Take a look at the intentionally poorly written shapes scripts provided. Sketch out how you could break down this process into different functions, and how they would interact with each other.

Middle Level of Abstraction: Functions (and Objects)

Once you're within module or big section of your code, you can use functions to break it up into smaller pieces.

Step 0: Do you even need to write this code?

Some reason you might not have to:

  • Someone else has implemented this functionality and you can use their package.

  • You are only doing this thing in one place in your code. You can keep your code DRY without creating a separate function.

    • In this case, you may still want to write a function to name what you're doing or for test ability, but it should be very simple.

Some Principles

  • DRY - Do not repeat yourself
  • YNGNI/KISS - You're not going to need it, Keep it simple.

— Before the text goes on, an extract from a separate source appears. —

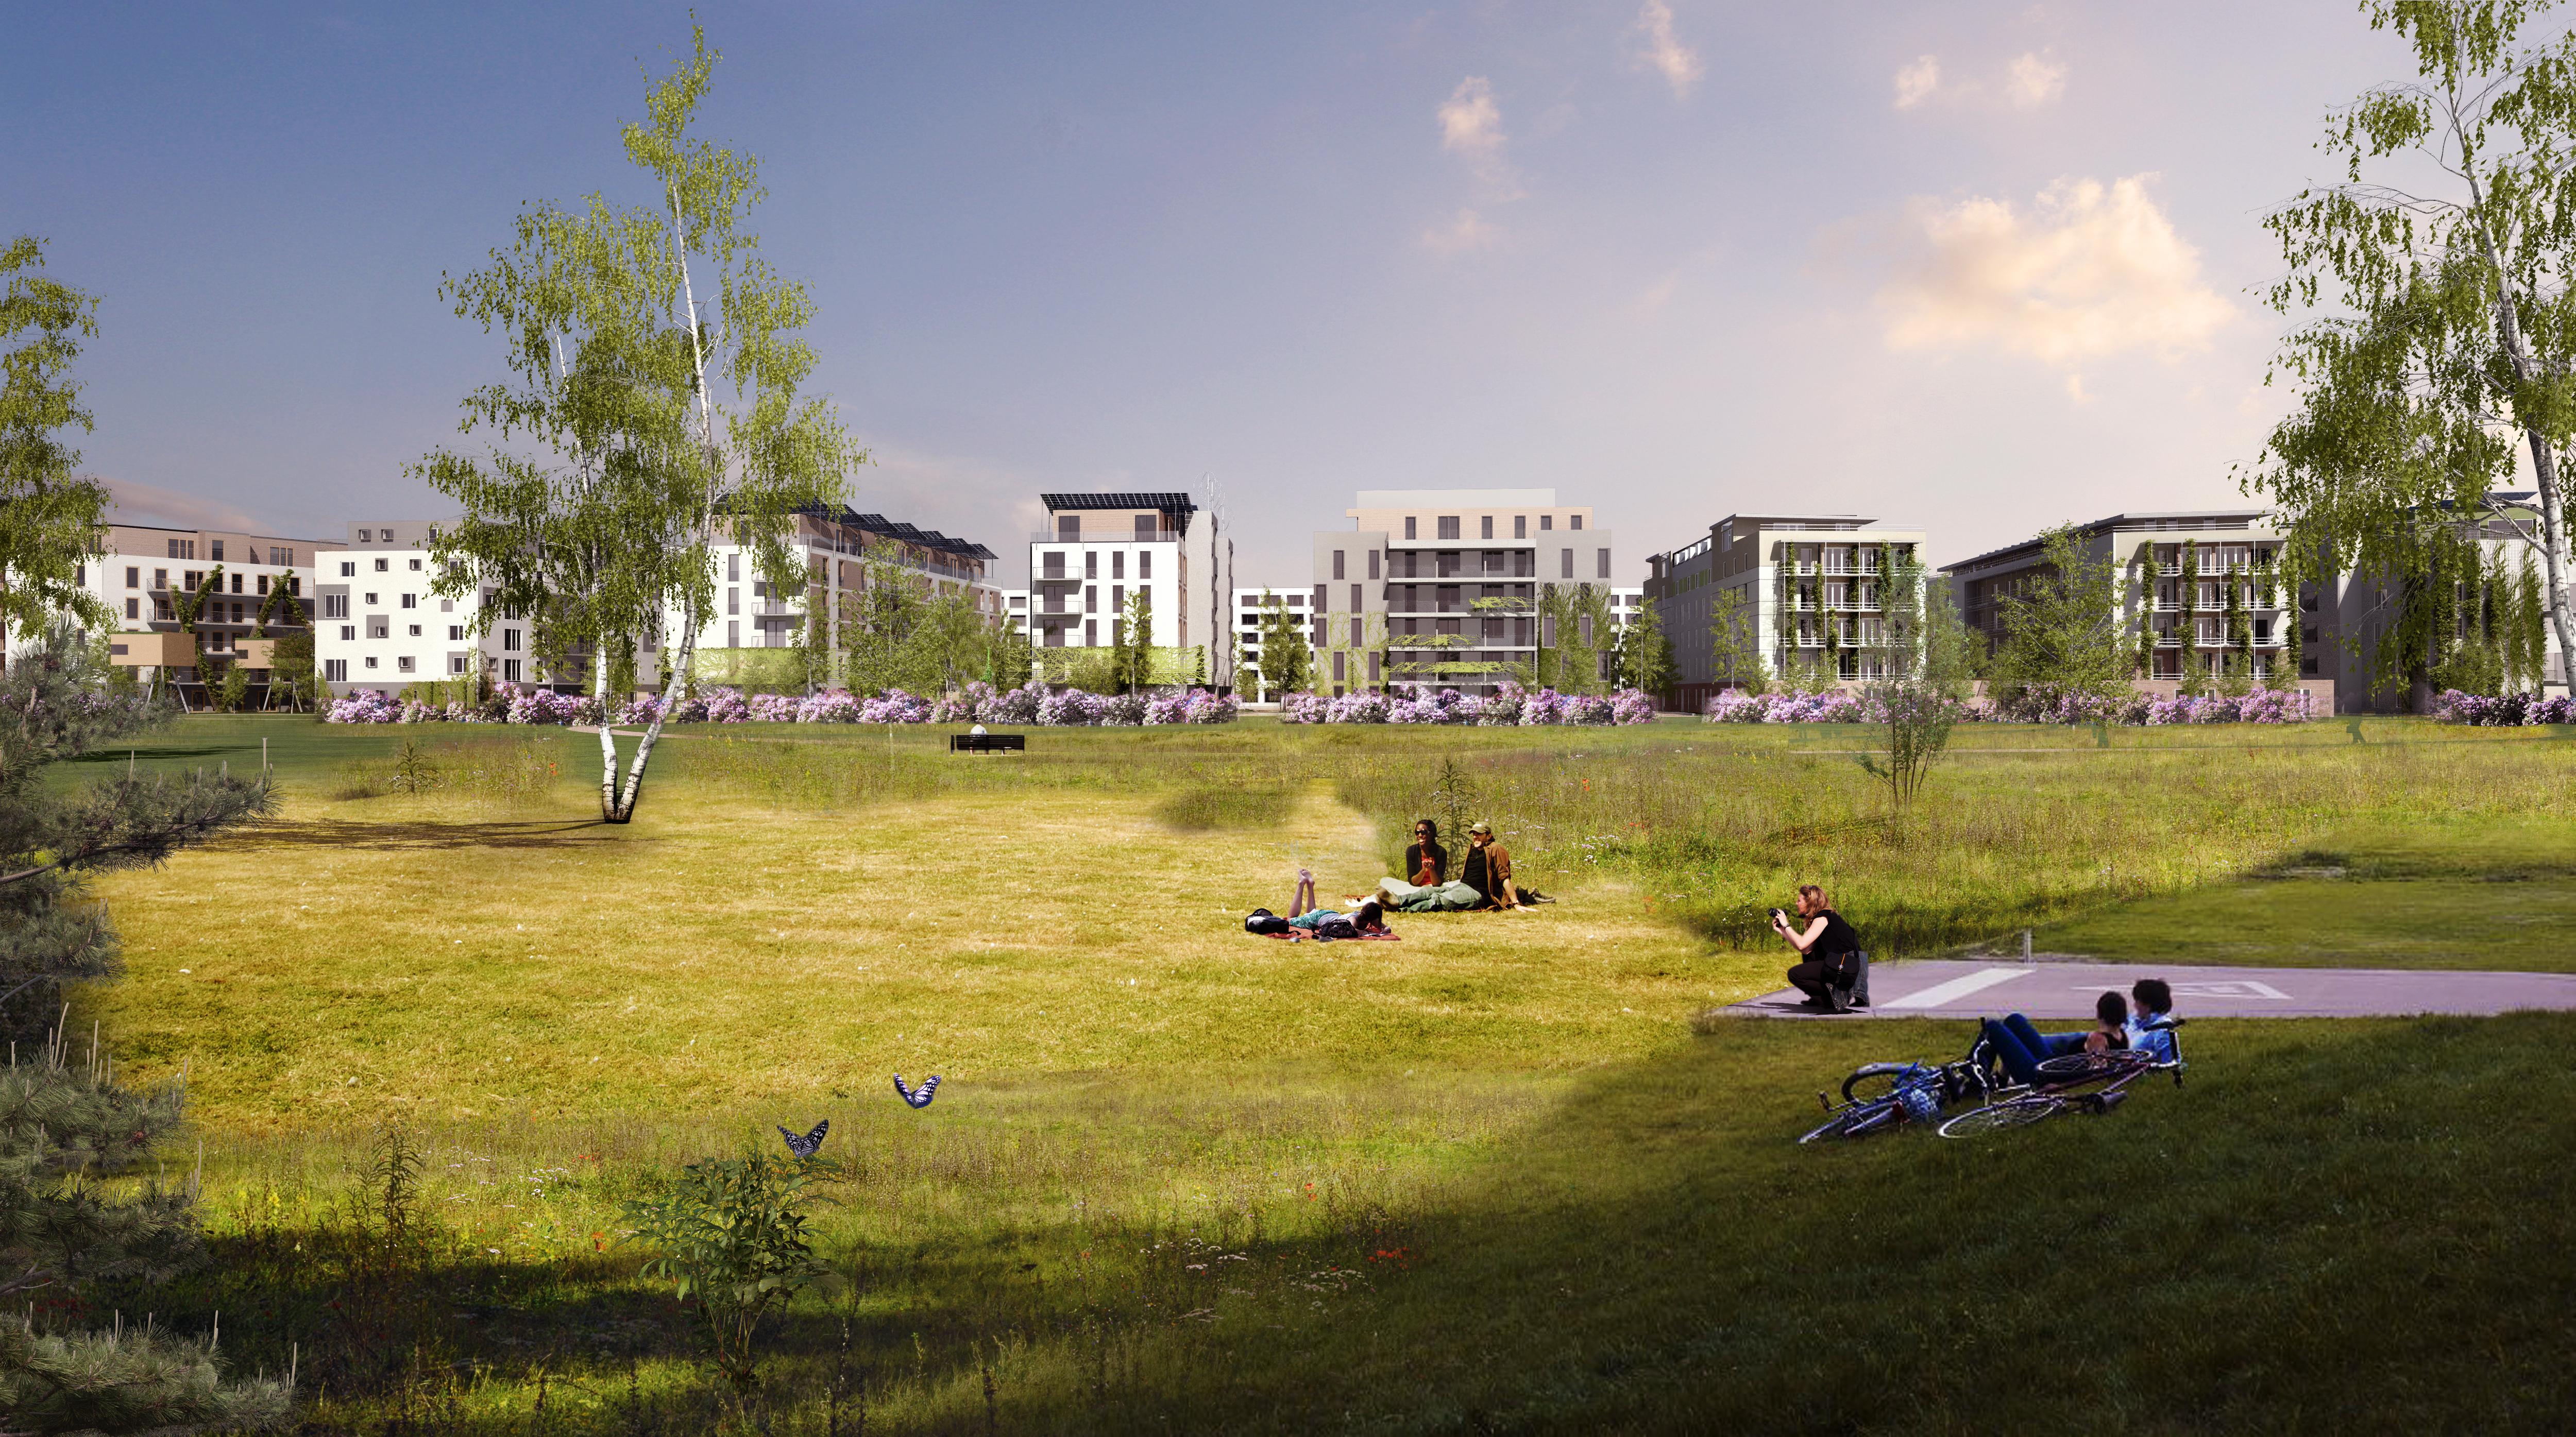 Schöne, neue Welt: Günstig wohnen am Rande des neuen Gleisdreieck-Parks, das sollte so einfach sein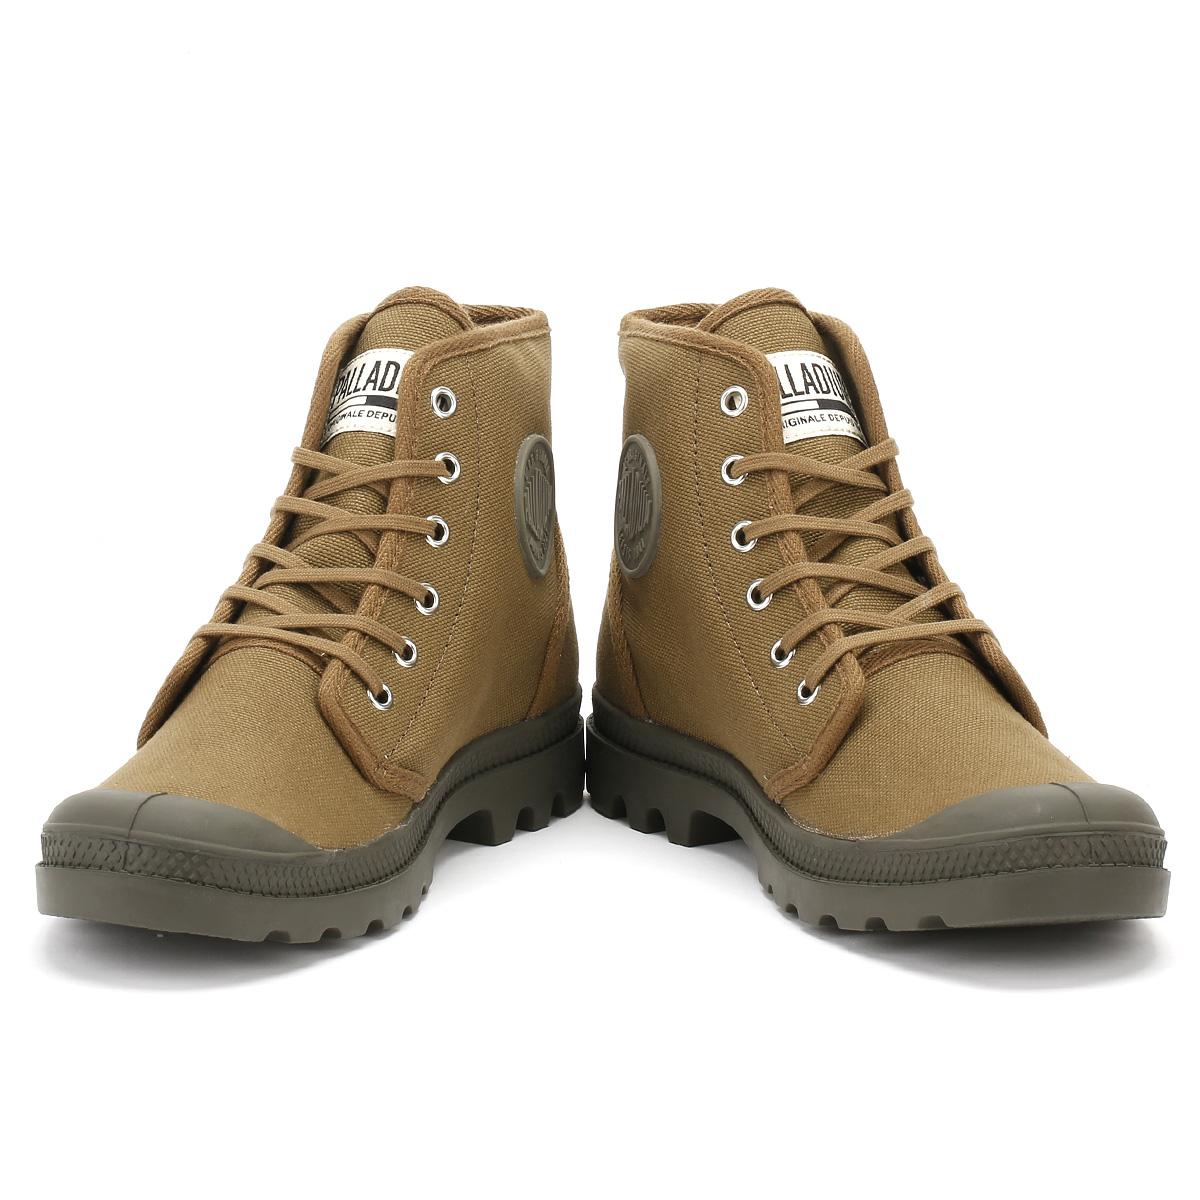 Botas-Palladium-para-hombre-Pampa-Originale-Hi-Zapatos-al-tobillo-con-Cordones-de-Lona-Informal

Step 1: Design from Function User's Perspective

The user of the function needs to know what it does, but not how. You can write down the what before implementing the how.

  • Document the what

    • Name

    • Arguments

      • Avoid surprising users with implicit arguments
    • Functionality

      • Plan for the user who are naive to your function

Design by Documenting

  • Write a simple usage example.

    • 🤫 Psst! This can later be turned into tests. More on that next week.
  • Write a quick text description of what it should do.

    • If the function name says most of it, and you just need to add a little context, good job!

    • If you find yourself having to restate every line of your function in the description, you may consider choosing to break up your code differently.

✍️ Example: roxygen/Docstring for "Similar Word" function (Telephone Simulation)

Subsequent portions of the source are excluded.